How to setup portable flink runner with remote flink cluster

2019-05-24 Thread 青雉(祁明良)
Hi all,

This is Mingliang, I followed the document to setup beam pipeline on local 
Flink cluster, but when I switch to remote Flink cluster, it doesn’t work 
directly and I can’t find  many materials talking about this.

Firstly, I don’t know if I have to install anything on the Flink jobmanager / 
taskmanager machine, actually I just setup the Flink cluster itself, let’s say 
Jobmanager on machine A and two taskmanager on machine B,C.

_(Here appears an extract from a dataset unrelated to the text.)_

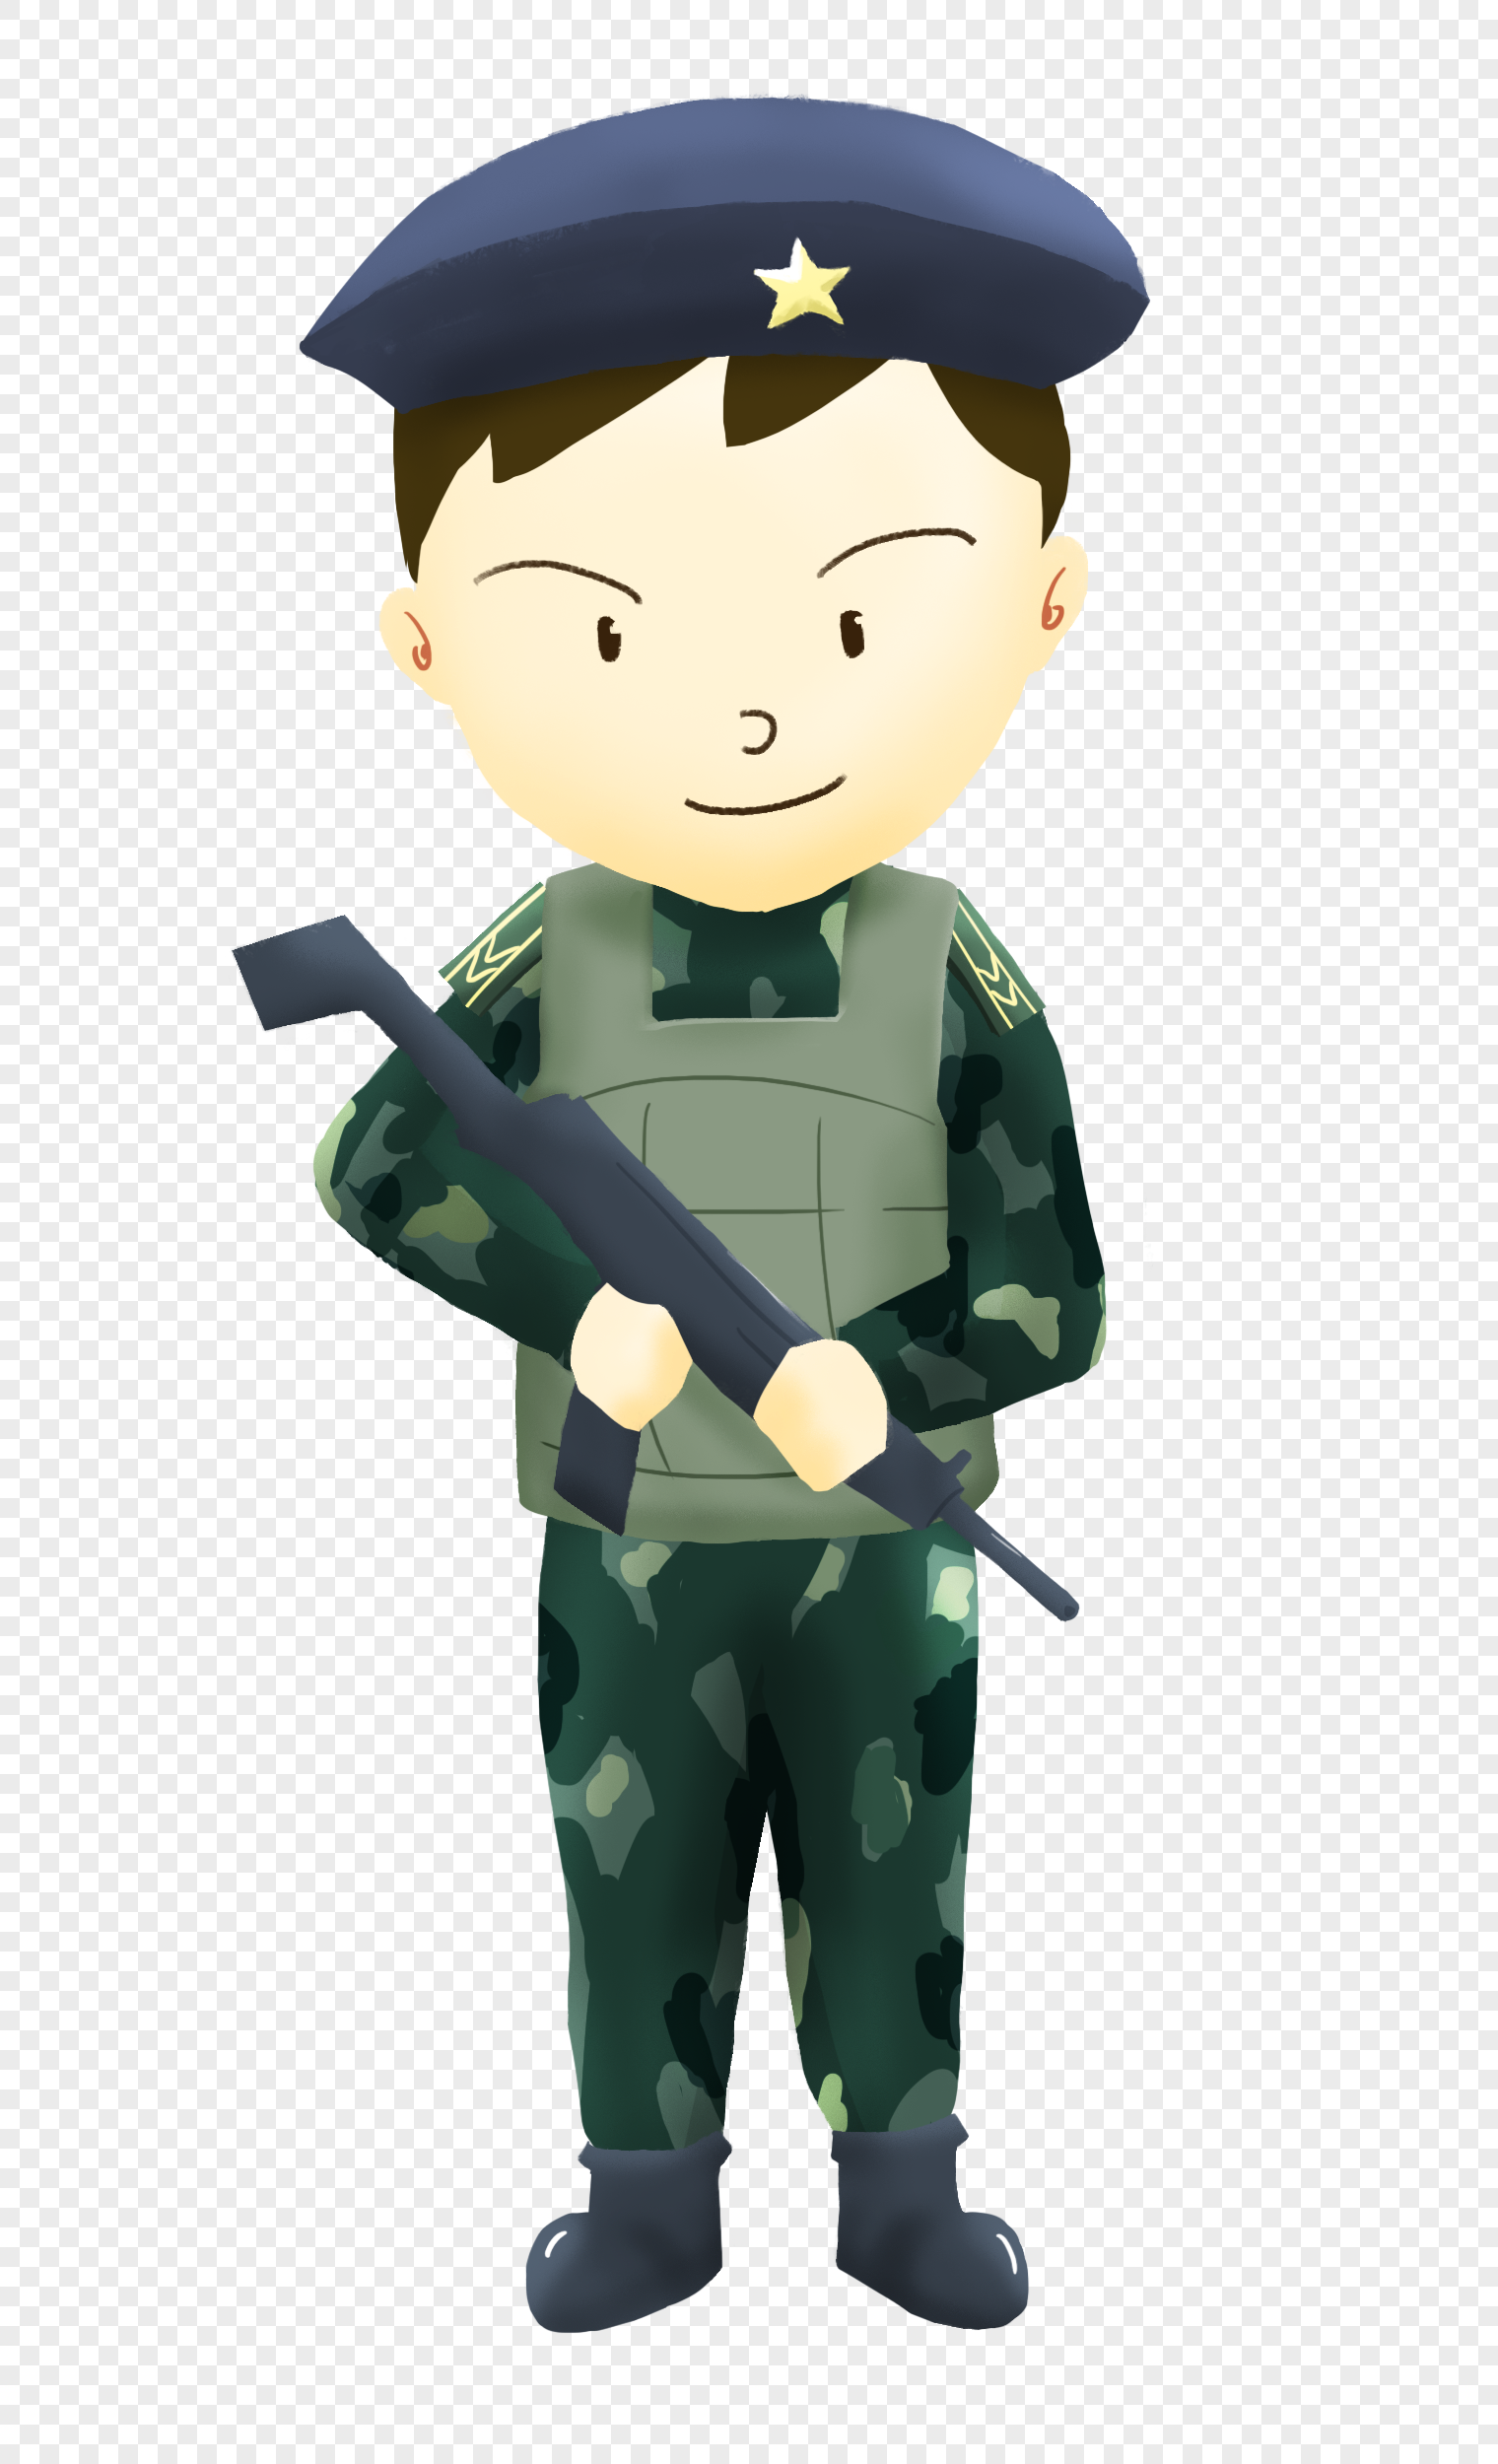 Hand Drawn Cartoon Soldier PNG Image Free Download And Clipart Image ...

Next I installed apache_beam python package on machine D, and started the beam 
jobservice end point on machine D with: ./gradlew 
beam-runners-flink_2.11-job-server:runShadow -PflinkMasterUrl=A:8081

Then I submit the word_count example downloaded from beam to the jobservice end 
point on machine D with environment_type = LOOPBACK

The error message I received was attached below.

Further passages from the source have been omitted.